I suspect the other participants in attendance were wondering why I was asking such weird questions. At the conclusion of the meeting, I had a rudimentary idea of what I was getting ready to do. I tried to visualize a game plan for the contest to have some measure of a foundation to work from in the morning.




The tournament day

I slept in until about 8 o’clock on the morning of the tournament, which is later than I normally sleep but having pre-registered and weighed in there was no need to get there early and I figured I needed as much rest as possible in anticipation of clashing with competitors who will likely be younger stronger and faster than I. Like most mornings I woke up with a stiff back neck and shoulders, a constant reminder of decades of competitive combat sports. I took a warm shower and did my stretching and breathing routine (which is proven to be tremendously helpful in maintaining mobility), got dressed, ate the continental breakfast at the hotel, and thought a little more about game planning.


I headed to the venue and arrive about  40 minutes early. I went in and talked with one of the referees I knew from my Judo years. Scanned the crowd again and validated my assumption that I was in fact the “old guy”. Some place along the line I may have turned into the guy I used to want before or after a hard match working my way through the bracket. I put a little tape on my feet and ankles for some additional support then cover it up with my old wrestling shoes.
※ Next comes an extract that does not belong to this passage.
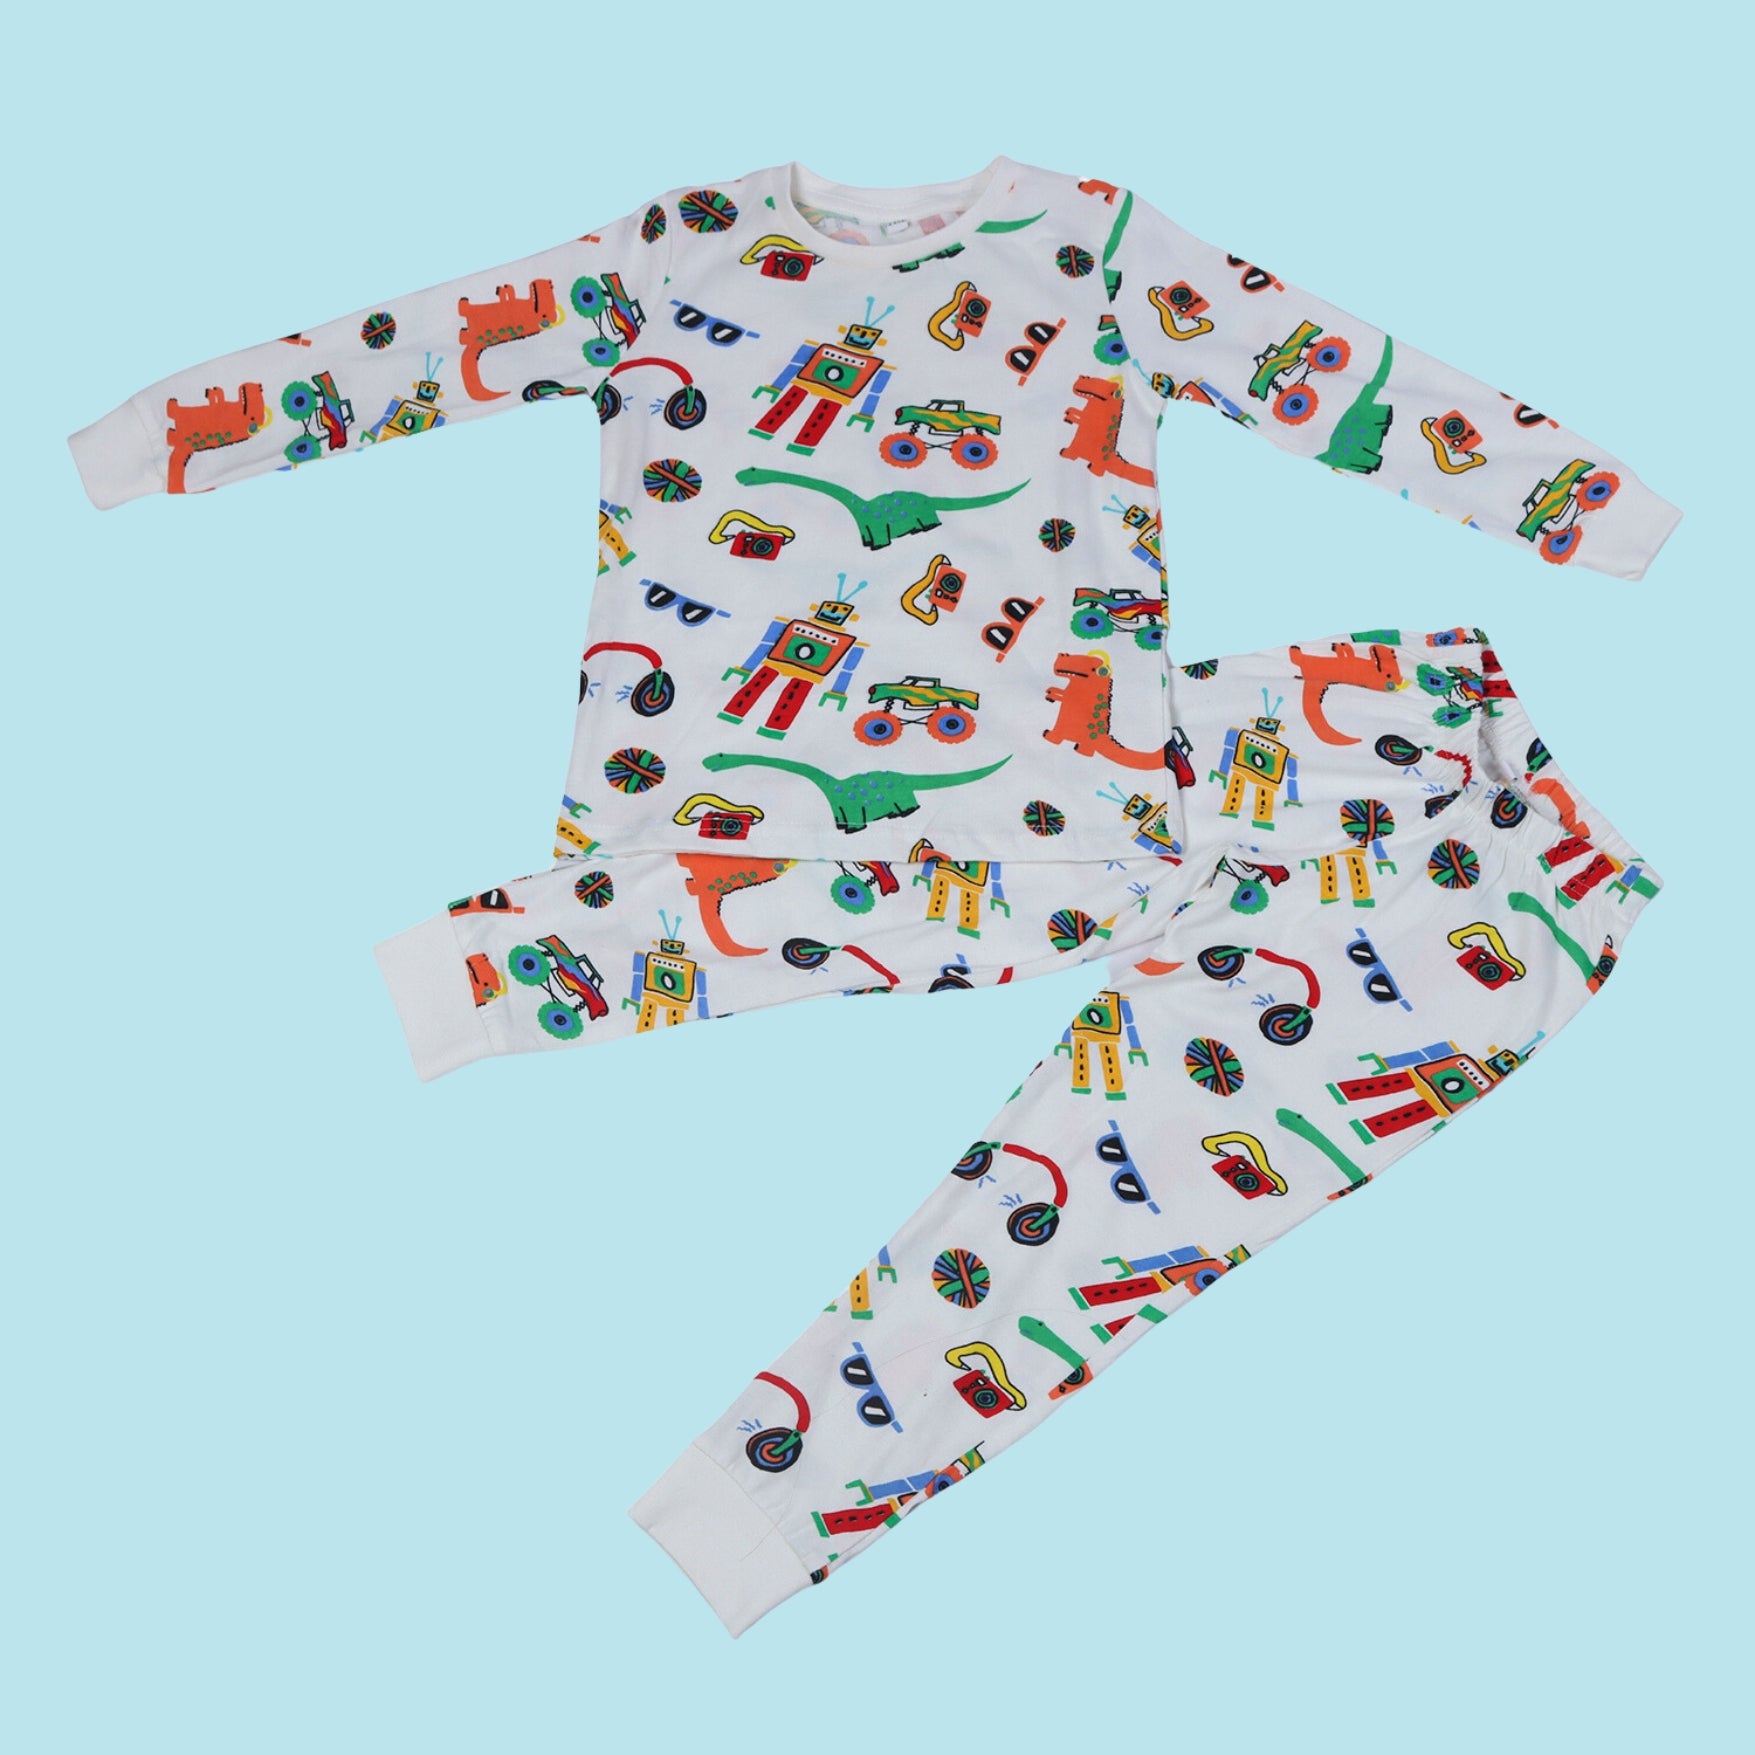 Full Sleeve Night Suit For Boy In White Colour - Robots & Toys

I probably hadn’t worn them in over 25 years, luckily, they still fit, unfortunately, it does give evidence to my wife’s argument that I’m turning into a hoarder. 


At 11:00 they had all the competitors line up on the mat and they did another quick overview of the rules and let us vote if we wanted chokes (not legal is sport Sambo at larger events), the majority wanted chokes, so they were allowed.
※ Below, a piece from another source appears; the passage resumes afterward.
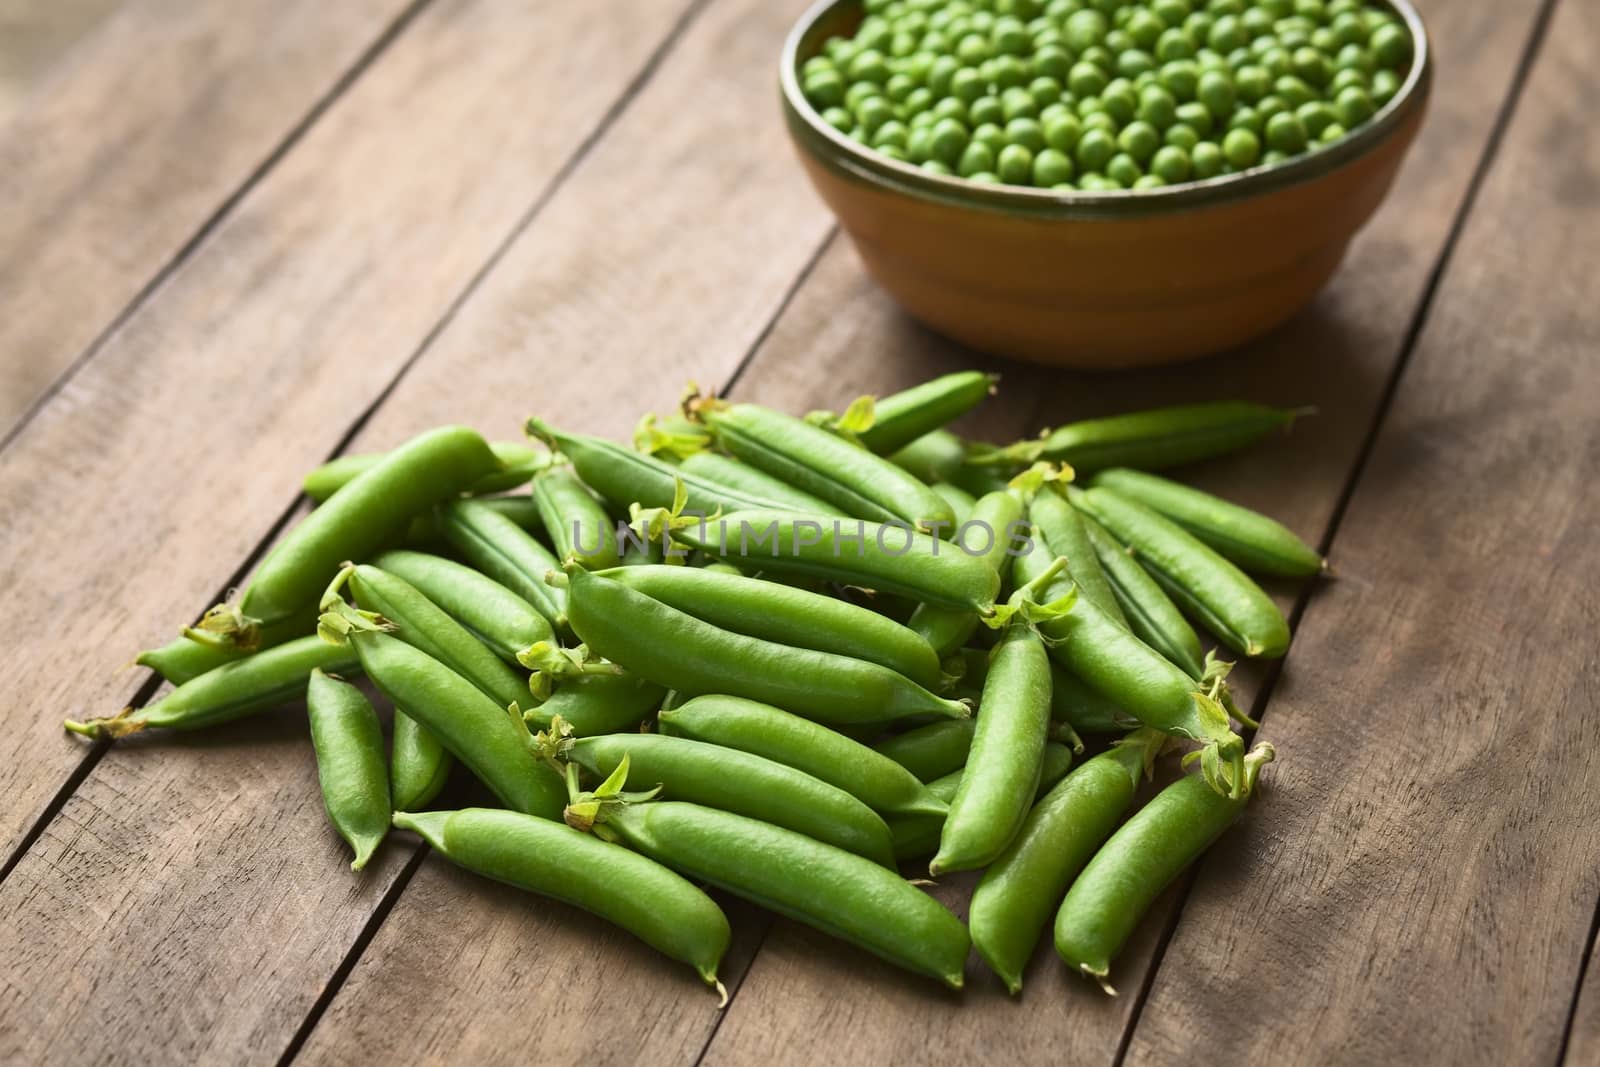 Peapods and Peas by ildi

Some great things I learned about Sambo.


  • It’s a lot of fun!


  • It is very much like a Brazilian Jiu-Jitsu match, with pins done with the pace and intensity of wrestling (it was physically exhausting 😊 )



  • You only have one minute to finish a submission, or they will stand you up and keep the match going. 



  • Respect and sportsmanship are very important parts of the culture. 



  • Click Here to see one of my matches:




It was a great experience, and I met some great people. My only regret is I didn’t try it back when I was really a competitor. I really don’t think this wonderful sport gets the credit it deserves. I would strongly recommend any participant in Judo, Jiu-Jitsu, or wrestling give it a try. It will help polish the edges between the three sports and help make any combat athlete more well-rounded.